Threat Modeling (Deep Workflow)

Threat modeling turns architecture into attack scenarios and mitigations before code hardens incorrectly. It is team-facing—security is a collaborative exercise, not a gate at the end.

When to Offer This Workflow

Trigger conditions:

  • New service, major data flow change, public API, partner integration
  • Compliance asks for “threat model” artifact
  • Post-incident “how do we prevent class of issues”

Initial offer:

Use six stages: (1) scope & assets, (2) diagram & trust boundaries, (3) threats (STRIDE), (4) mitigations & controls, (5) prioritize & owners, (6) validate & iterate. Confirm time box (1–2 hour workshop vs async).


Stage 1: Scope & Assets

Goal: Agree what we model and what we protect.

Questions

  1. In scope: apps, infra, data stores, admin tools, CI/CD?
  2. Crown jewels: data (PII, keys), money, availability, reputation
  3. Adversaries: script kiddies, malicious insiders, nation-state (usually pick realistic tiers)

Output

Scope paragraph + asset list with sensitivity.

Exit condition: Shared understanding of what hurts if lost.


Stage 2: Diagram & Trust Boundaries

Goal: Visual model with boundaries where trust changes.

Practices

  • DFD-ish diagram: external actors, services, data stores, queues
  • Mark trust boundaries: internet boundary, partner VPC, employee laptop, CI system
  • Note auth mechanisms crossing boundaries (mTLS, JWT, API keys)

Pitfalls

  • Missing CI/CD and admin paths—attackers love them
  • Over-detailed diagram—keep level consistent

Exit condition: Diagram everyone in the room recognizes as their system.


Stage 3: Threats (STRIDE)

Goal: Systematic brainstorm—not exhaustive fantasy.

STRIDE prompts

  • Spoofing: impersonation of user/service
  • Tampering: data/code/config changed in transit or at rest
  • Repudiation: actions not attributable—audit gaps
  • Information disclosure: leaks to unauthorized
  • Denial of service: resource exhaustion, dependency attacks
  • Elevation of privilege: user becomes admin, lateral movement

Technique

  • Walk each boundary + each asset with STRIDE columns—rapid ideation, defer judgment
  • Capture threats as short scenarios: “Attacker with leaked API key calls admin endpoint”

Exit condition: Threat list with assumptions stated (e.g., “requires MITM”).


Stage 4: Mitigations & Controls

Goal: Map threats to controls—prevent, detect, respond.

Control types

  • Prevent: authZ checks, input validation, encryption
  • Detect: logging, alerts, IDS, anomaly detection
  • Respond: kill switches, incident playbooks

Avoid

  • Control theater—checkbox without real enforcement

Exit condition: Each high threat has at least one planned control or accepted risk with owner.

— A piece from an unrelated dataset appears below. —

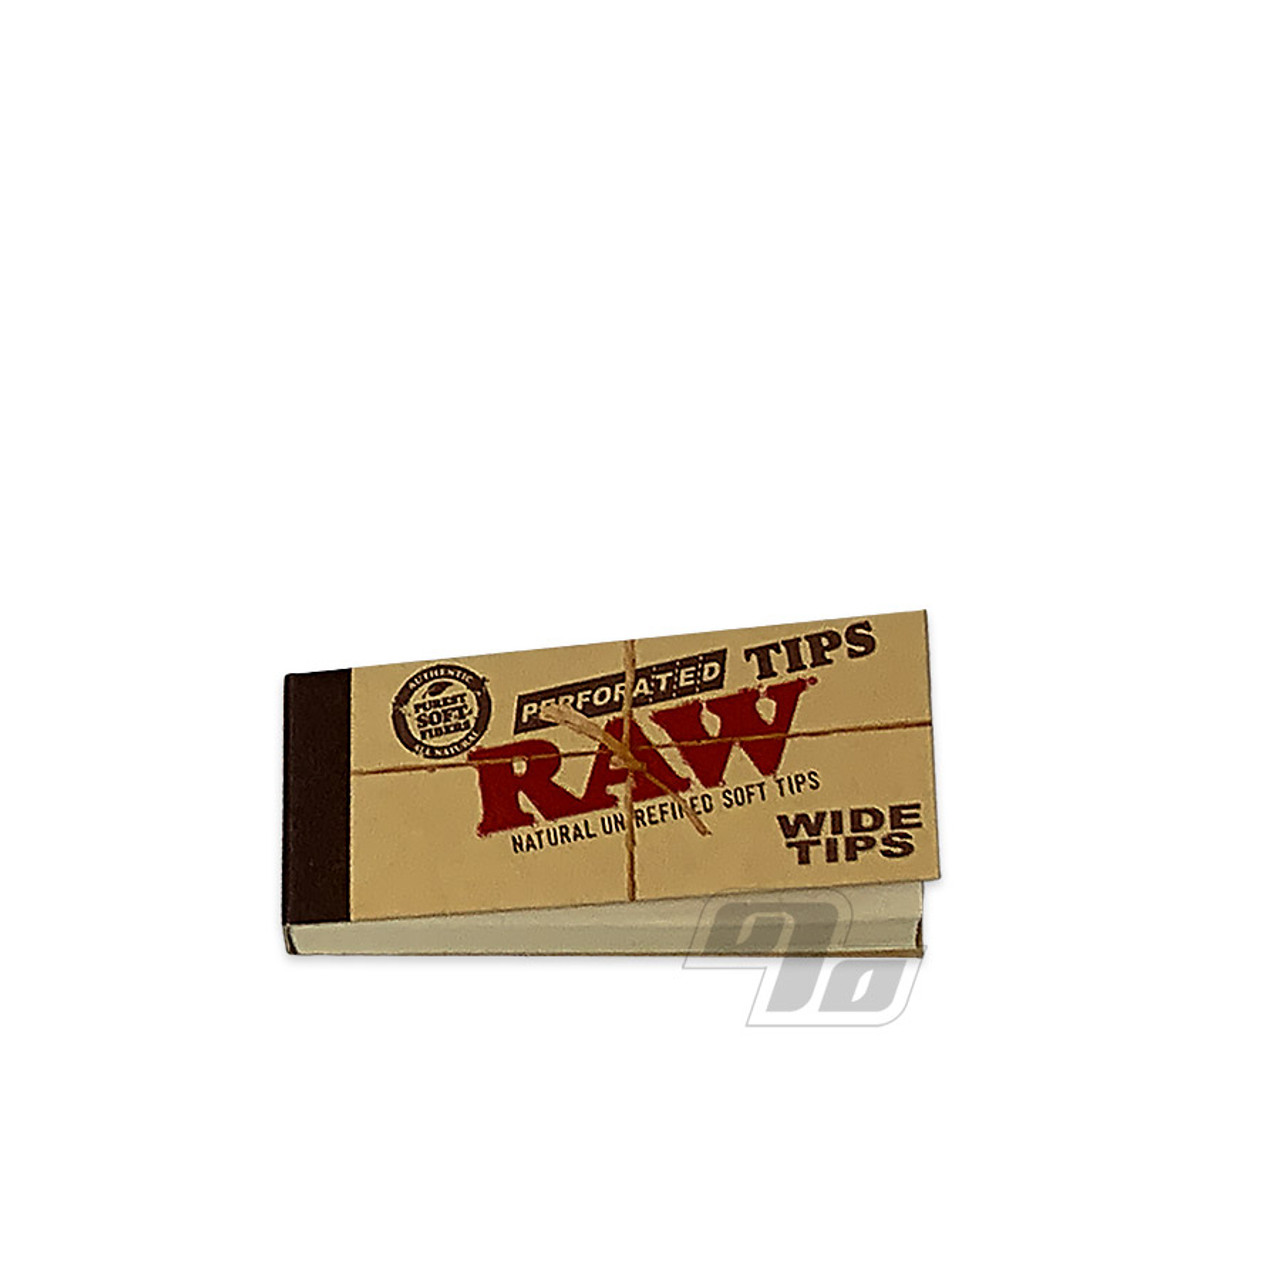 RAW Filter Tips 50 Packs of 50 – Tobacco Stock

Stage 5: Prioritize & Owners

Goal: Ruthless prioritization—fix what matters.

Factors

  • Impact × likelihood (even qualitative MoSCoW)
  • Ease of exploitation vs cost to fix

Tracking

  • Tickets per mitigation; link to threat ID
  • Residual risk explicitly accepted by appropriate authority when not fixed

Exit condition: Roadmap of mitigations with dates.


Stage 6: Validate & Iterate

Goal: Model ages—revisit on major changes.

Triggers for refresh

  • New data flow, new integration, auth redesign
  • Pen test findings that contradict assumptions

Light validation

  • Red team scenarios for top threats if mature org

Final Review Checklist

  • Assets and scope agreed
  • Trust boundaries diagram current
  • STRIDE pass completed for boundaries
  • Mitigations mapped; owners assigned
  • Residual risk explicit where unmitigated

Tips for Effective Guidance

  • Facilitate, don’t lecture—engineers own the system facts.
  • Prefer scenarios over abstract “Tampering risk.”
  • Link to requirements (“every admin action audited”) for traceability.

Handling Deviations

  • No time workshop: async diagram + STRIDE spreadsheet review.
  • Tiny feature: mini threat model—still document trust boundary with external API.